Het gecombineerde marktaandeel van de partijen voor pectine is niet hoger dan 25 %, zowel wereldwijd als binnen de EER, met slechts een zeer beperkte stijging. De positie van de marktleider, CP Kelco en de huidige nummer 2 (Danisco) komen door de concentratie niet in het gedrang.
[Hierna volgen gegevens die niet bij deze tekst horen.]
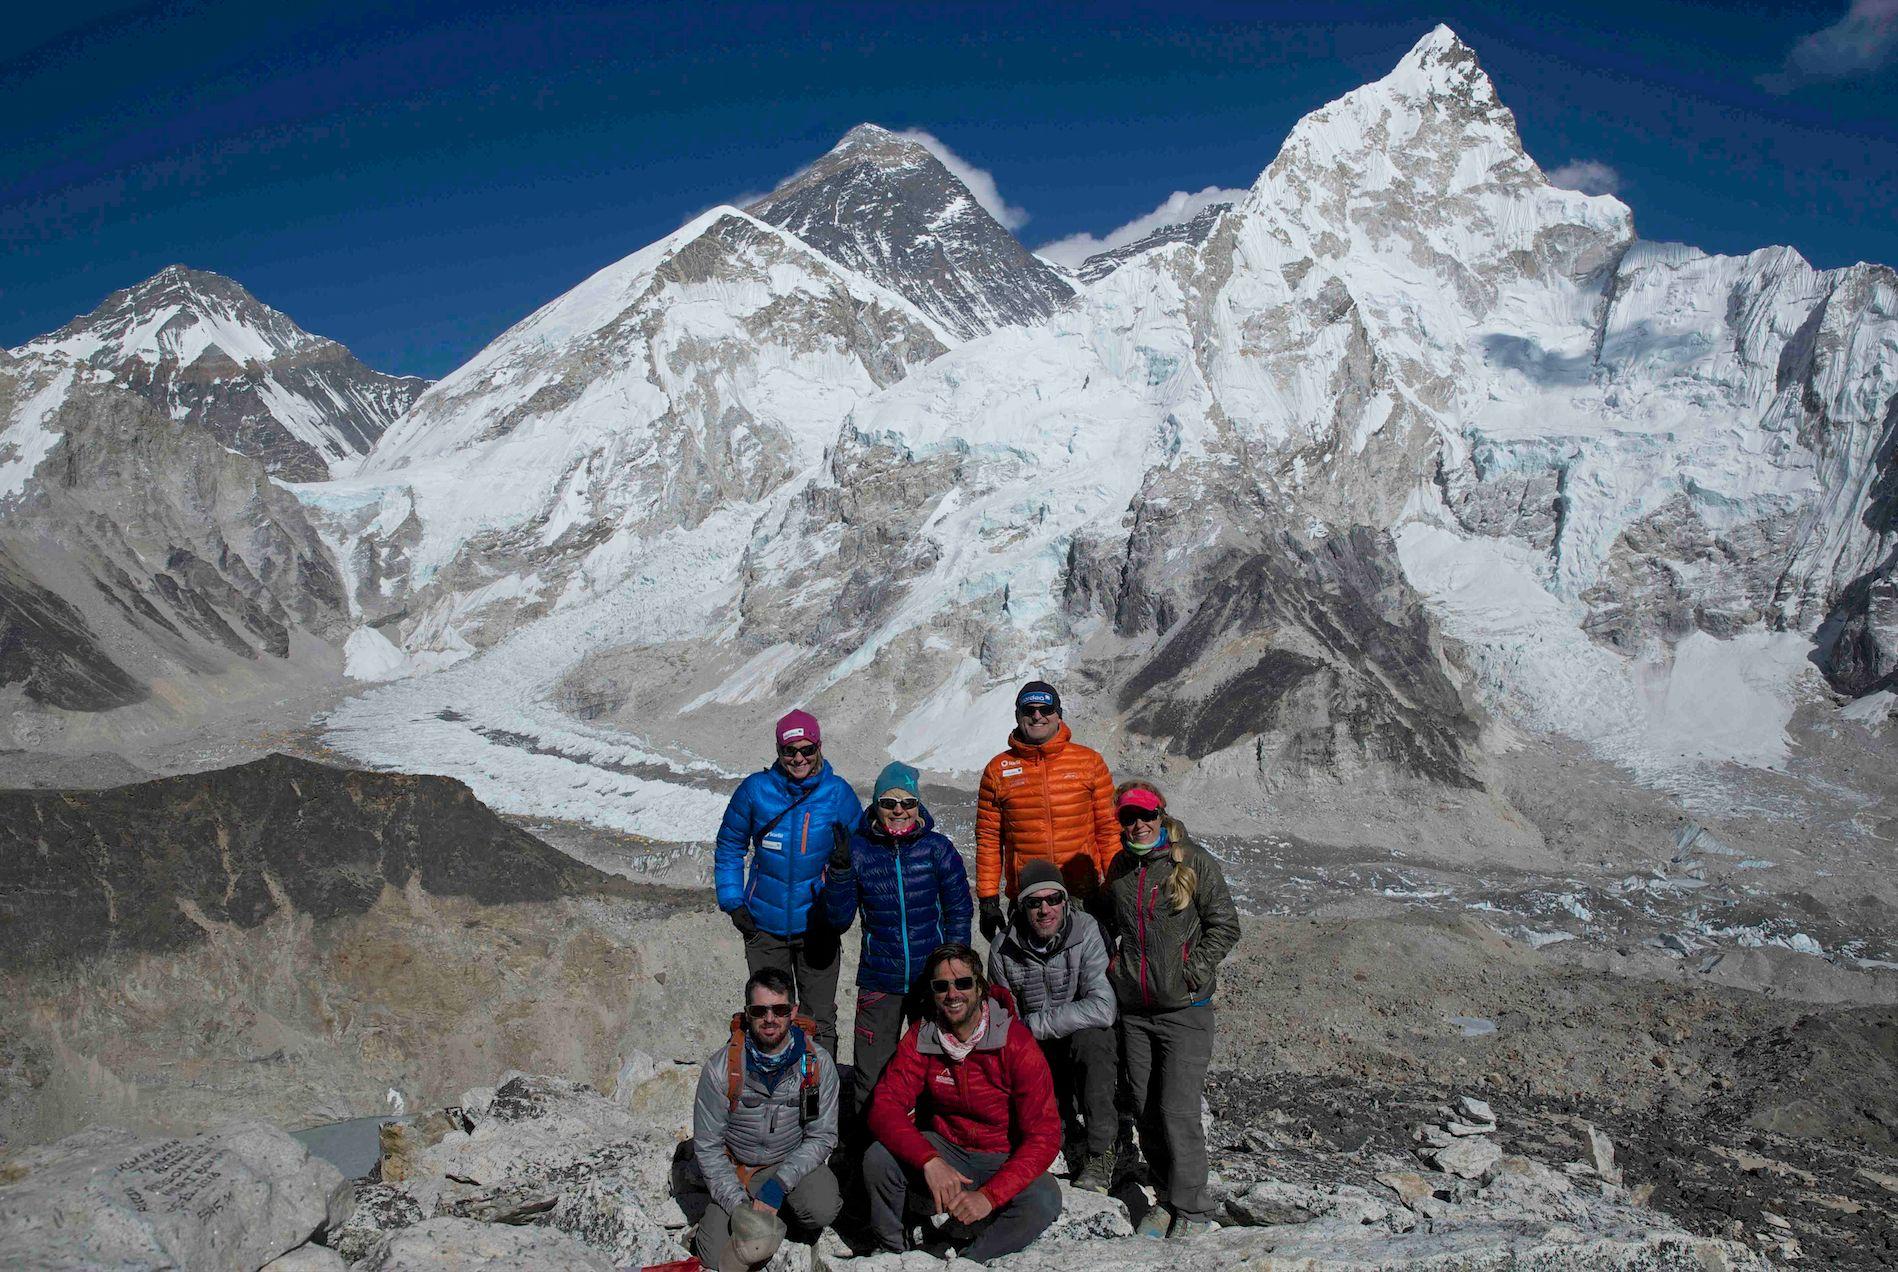 Mountain Professionals: Everest Summit Push On

Deze beoordeling moet niet worden gewijzigd wanneer met alternatieve markten (bijvoorbeeld wereldwijde markten, markten voor appel- of citruspectine of markten op basis van het percentage methoxy) zou worden rekening gehouden, omdat de positie van Cargill op deze markten zelfs nog zwakker zou zijn.

5.   Verticale effecten (ruwe zaadolie)

(32)

Hoewel op basis van een hypothetische definitie van een upstream-markt voor ruwe zaadolie in de EER, de voorgenomen transactie technisch gezien verticale effecten op de markt zal veroorzaken, geeft zij geen aanleiding tot enige verticale concurrentiebezwaren, hoofdzakelijk omdat DFI en Cargill gebruiksklare, vloeibare niet genetisch gemodificeerde lecithine van derde partijen afnemen en geen niet genetisch gemodificeerde grondstoffen van hun eigen productie gebruiken om niet genetisch gemodificeerde lecithine te produceren.

VII.   CONCLUSIE

(33)

In de beschikking wordt derhalve geconcludeerd dat de voorgenomen concentratie niet tot gevolg zal hebben dat de daadwerkelijke mededinging op de gemeenschappelijke markt of op een wezenlijk deel daarvan op significante wijze wordt belemmerd.

(34)

Bijgevolg wordt de concentratie verenigbaar verklaard met de gemeenschappelijke markt en de EER-overeenkomst, overeenkomstig artikel 2, lid 2, en artikel 8, lid 1, van de concentratieverordening en artikel 57 van de EER-overeenkomst.


(1)  PB L 24 van 29.1.2004, blz. 1.

(2)  Verordening (EG) nr. 1829/2003 van het Europees Parlement en de Raad van 22 september 2003 inzake genetisch gemodificeerde levensmiddelen en diervoeders (PB L 268 van 18.10.2003, blz. 1) en Verordening (EG) nr. 1830/2003 van het Europees Parlement en de Raad van 22 september 2003 betreffende de traceerbaarheid en etikettering van genetisch gemodificeerde organismen en de traceerbaarheid van met genetisch gemodificeerde organismen geproduceerde levensmiddelen en diervoeders en tot wijziging van Richtlijn 2001/18/EG (PB L 268 van 18.10.2003, blz. 24).

(3)  Daarnaast zijn er nog enkele gewijzigde/op de klant afgestemde „speciale lecithines”, die evenwel slechts een verwaarloosbaar deel van de markt innemen.